Despite advances in cancer treatment, disparities in cancer outcomes are prevalent, especially for minority, underserved and rural populations.
With a $775,000 one-year grant from the National Cancer Institute (NCI), researchers at Wake Forest Baptist’s Comprehensive Cancer Center are working to reduce those disparities.
The grant, entitled CATCH-UP (Create Access to Targeted Cancer Therapy for Underserved Populations), will allow Wake Forest Baptist Health to offer and enroll patients to select trials through the NCI’s Experimental Therapeutics Clinical Trials Network (ETCTN), a collaboration of industry, academic institutions and researchers to evaluate early phase therapeutic clinical trials in areas of unmet medical needs.
“As one of only three Comprehensive Cancer Centers in North Carolina, we are uniquely positioned to reach underserved populations in this region,” said Alexandra Thomas, M.D., professor of hematology and oncology for Wake Forest School of Medicine, part of Wake Forest Baptist Health.

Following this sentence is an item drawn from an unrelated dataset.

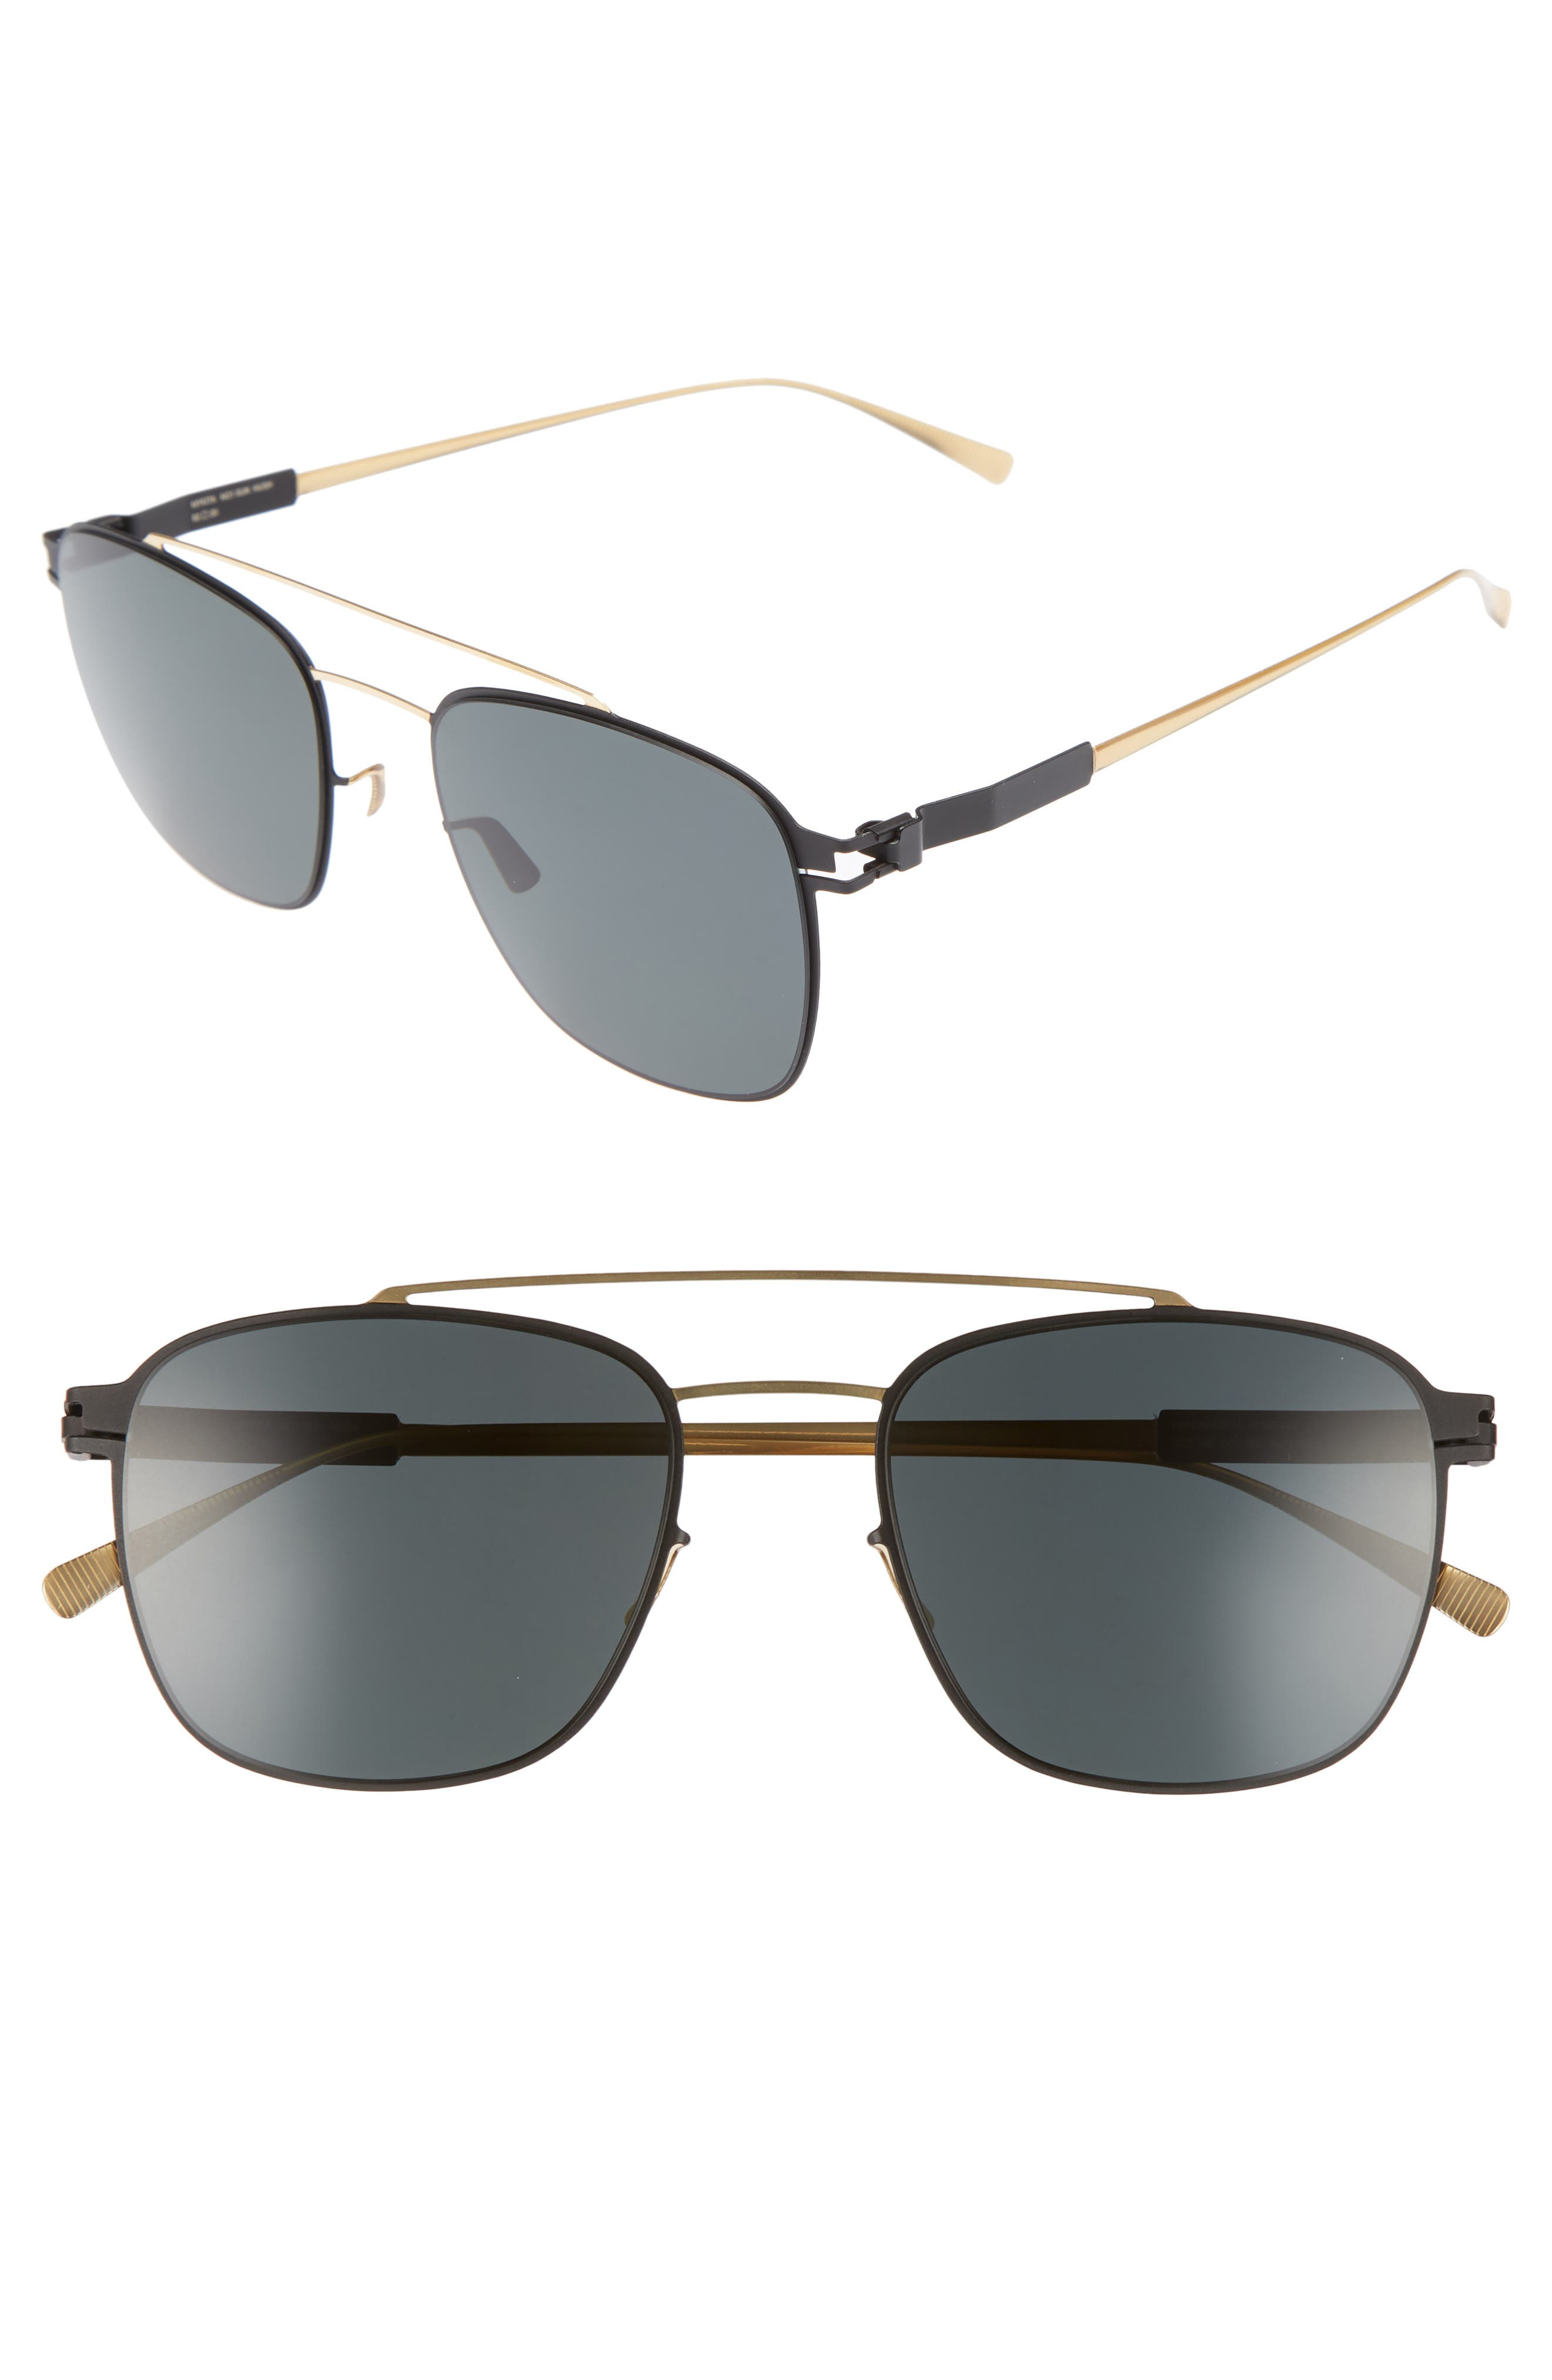 Hugh 52mm Polarized Sunglasses,                         Main,                         color, Gold/ Black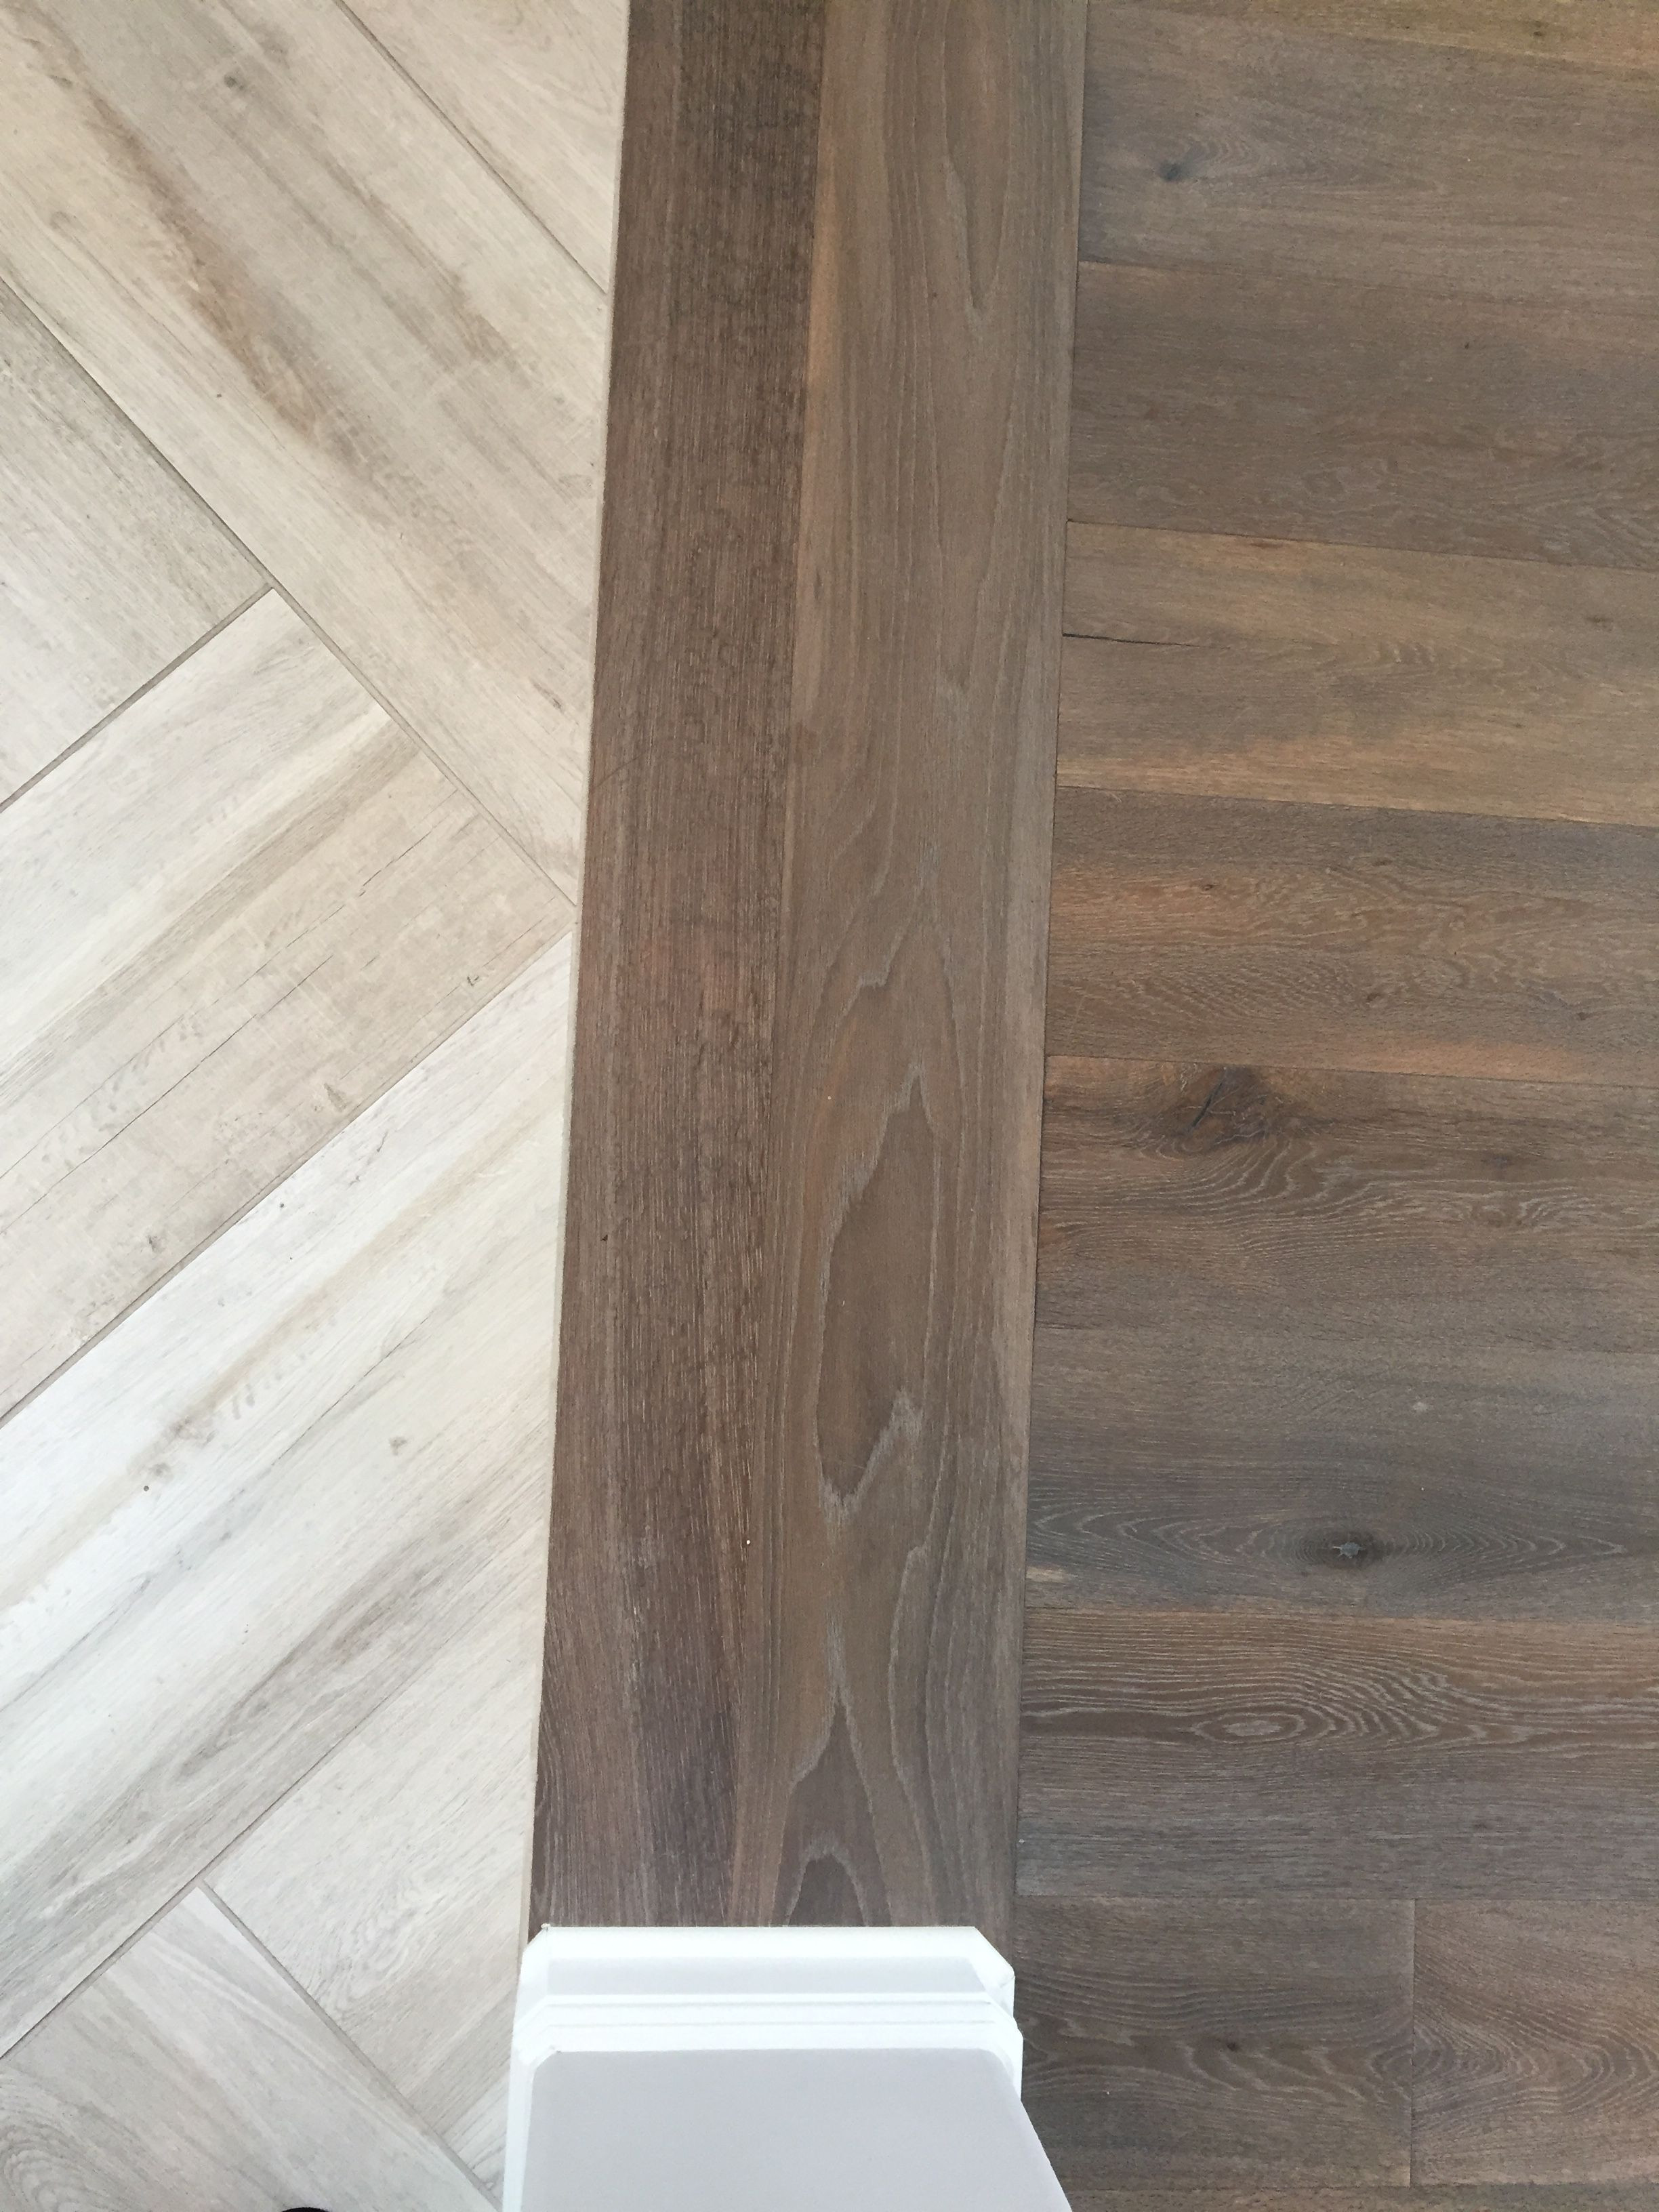 how to install herringbone hardwood floor of floor transition laminate to herringbone tile pattern model pertaining to floor transition laminate to herringbone tile pattern herringbone tile pattern herringbone wood floor

With the grant, researchers are opening an initial 17 ETCTN clinical trials across a spectrum of cancer types such as lung, leukemia, breast, gastric and lymphoma.
Wake Forest Baptist’s Comprehensive Cancer Center is one of only eight NCI-designated cancer centers in the U.S. to receive the award.
“The CATCH-UP grant aligns with our commitment to improve cancer outcomes for all patients,” Thomas said. “This grant not only helps us increase clinical trial awareness and participation, but we’re also providing important new treatment options for our patients.”